After Henry's death, the Welsh attempted to drive out the Norman lords who had been extending their control into Wales during Henry's reign. Pain was with King Stephen at the siege of Exeter from June to August 1136, early in the king's reign. Crouch argues that Stephen did not at that time trust Pain, and kept him at the siege to more easily monitor his actions, and to prevent him from defecting to Matilda's cause.

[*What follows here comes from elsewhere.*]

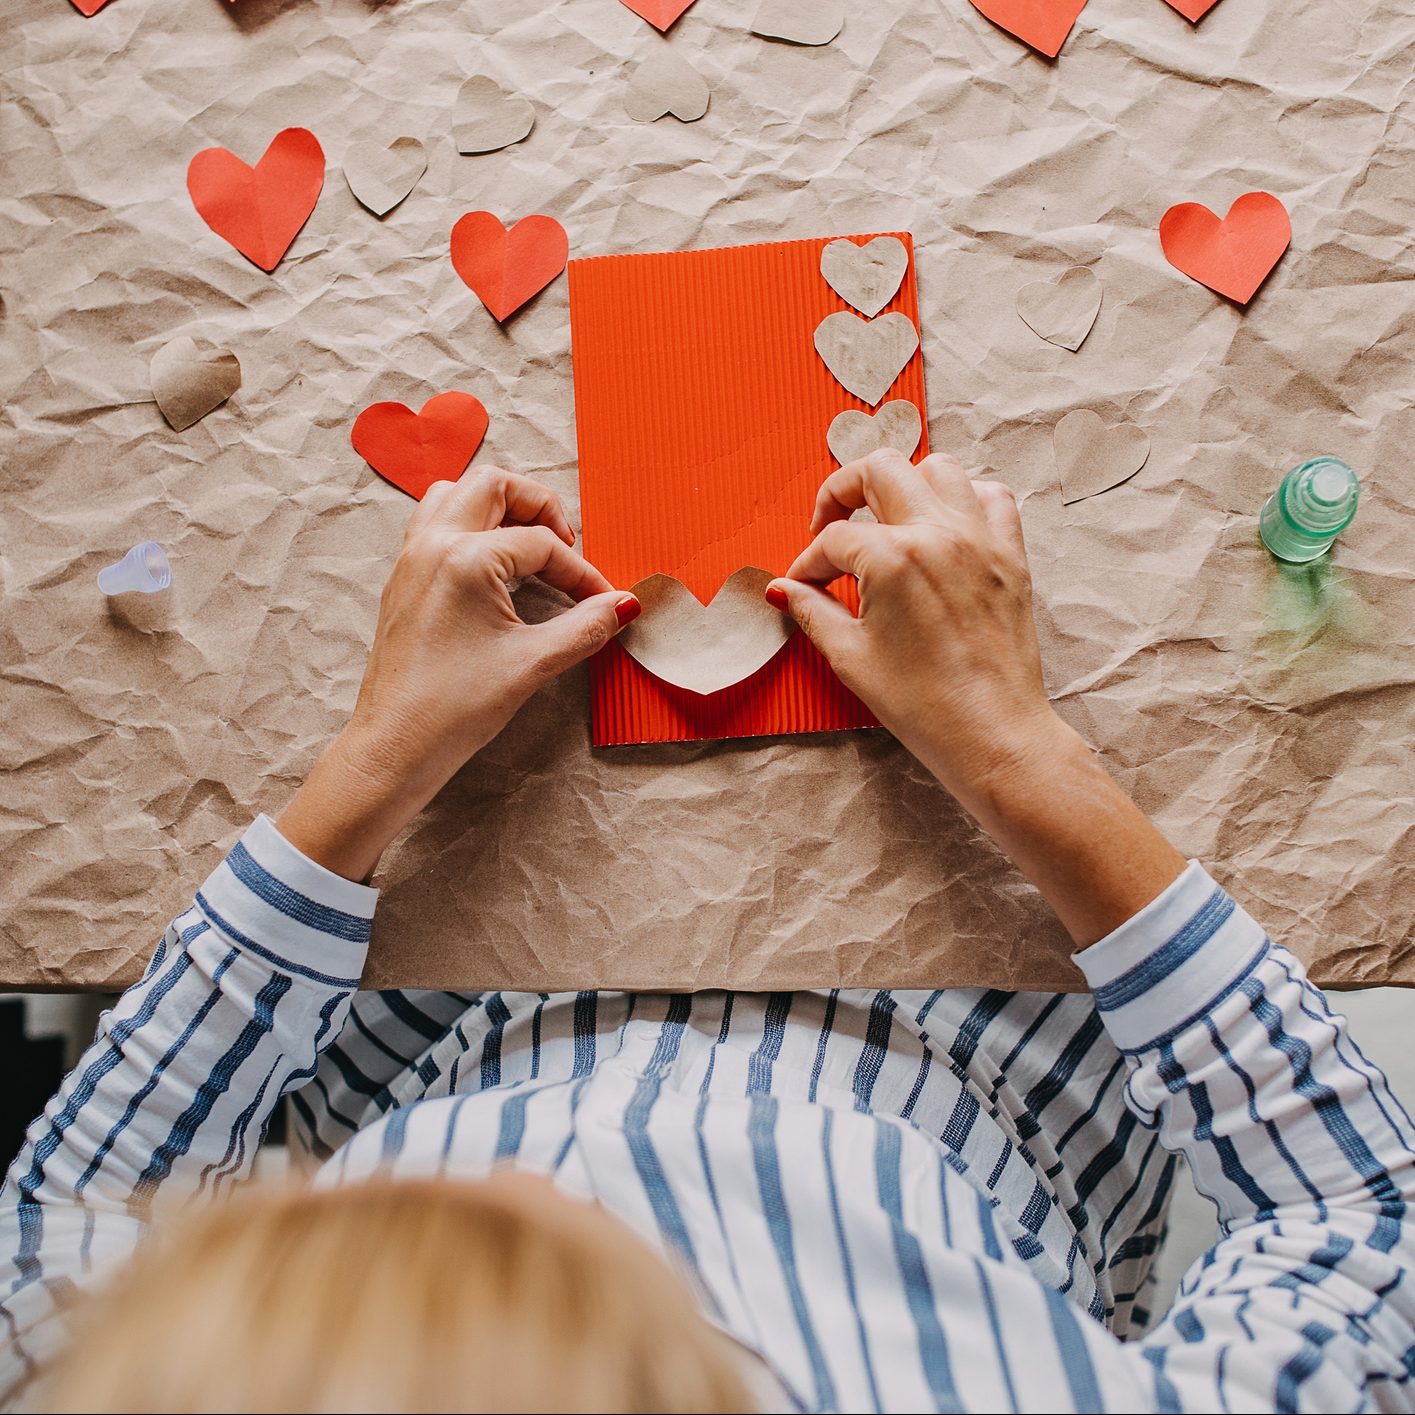 Store All Your Cute Cards in One of These DIY Valentine's Day Boxes

==Relations with the Church==
In 1119, Pope Callixtus II addressed letters to a group of Anglo-Norman landholders in the Welsh Marches, including Pain, accusing them of having appropriated the lands of the Diocese of Llandaff and ordering their return. Pain was among a group of nobles similarly accused by Pope Honorius II in 1128. Honorius once again ordered the nobles to restore to the Church lands they had confiscated.

Pain gave lands to Llanthony Priory, helping to establish the endowment of that monastic house, although it is difficult to distinguish his gifts from those of Hugh de Lacy, as the monks of Llanthony grouped the gifts of both men together in their records. In addition, Pain granted lands to Gloucester Abbey, which had benefited from the generosity of his father and brother, as did his wife Sybil, together with other grants to her uncle the abbot. She also gave to two churches in Hereford: St Peter and St Guthlac.

==Death and legacy==
On 10 July 1137, Pain was killed by a javelin blow to the head during an ambush by the Welsh (Note: Only John of Worcester gives the exact date. Likewise, he is the only chronicler who dates the event to 1137, with the Gesta Stephani, John of Hexham, and Richard of Hexham dating the event to 1136 without an exact date. Most modern historians agree with John of Worcester's date.) as he was leading a relief expedition to the garrison at Carmarthen. He was buried in Gloucester Abbey, following a funeral service conducted by Robert de Bethune. A number of barons from the Welsh Marches attended, including Miles of Gloucester. Pain's widow continued to hold Ludlow Castle until the middle of 1139, when she was forced to surrender it to King Stephen. Stephen then gave Sybil in marriage to Jocelin de Dinan, who consequently acquired Ludlow Castle through his new wife, setting up the background to Gilbert Lacy's attempts to seize Ludlow from Dinan on which the medieval Welsh romance work Fouke le Fitz Waryn is based.

Pain's heirs were his two daughters, Cecily and Agnes. His heir male was his brother, Eustace fitzJohn. The two daughters were married five times in total; Cecily married three times but failed to produce any direct heirs. Her first husband was Roger, the son of Miles of Gloucester. Pain arranged Cecily and Roger's marriage. The marriage contract specified that Roger would inherit all of Pain's lands, but as a result of the latter's death, the marriage was not contracted until December 1137, when King Stephen confirmed the terms of the settlement. The king also settled the bulk of the inheritance on Cecily, which led to disturbances and a minor war among disappointed claimants. Agnes married Warin de Munchensy and after his death Haldenald de Bidun. She died after 1185, by which time she was described as a widow.

The historian W. E. Wightman described Pain as a "second-class baron and first-class civil servant".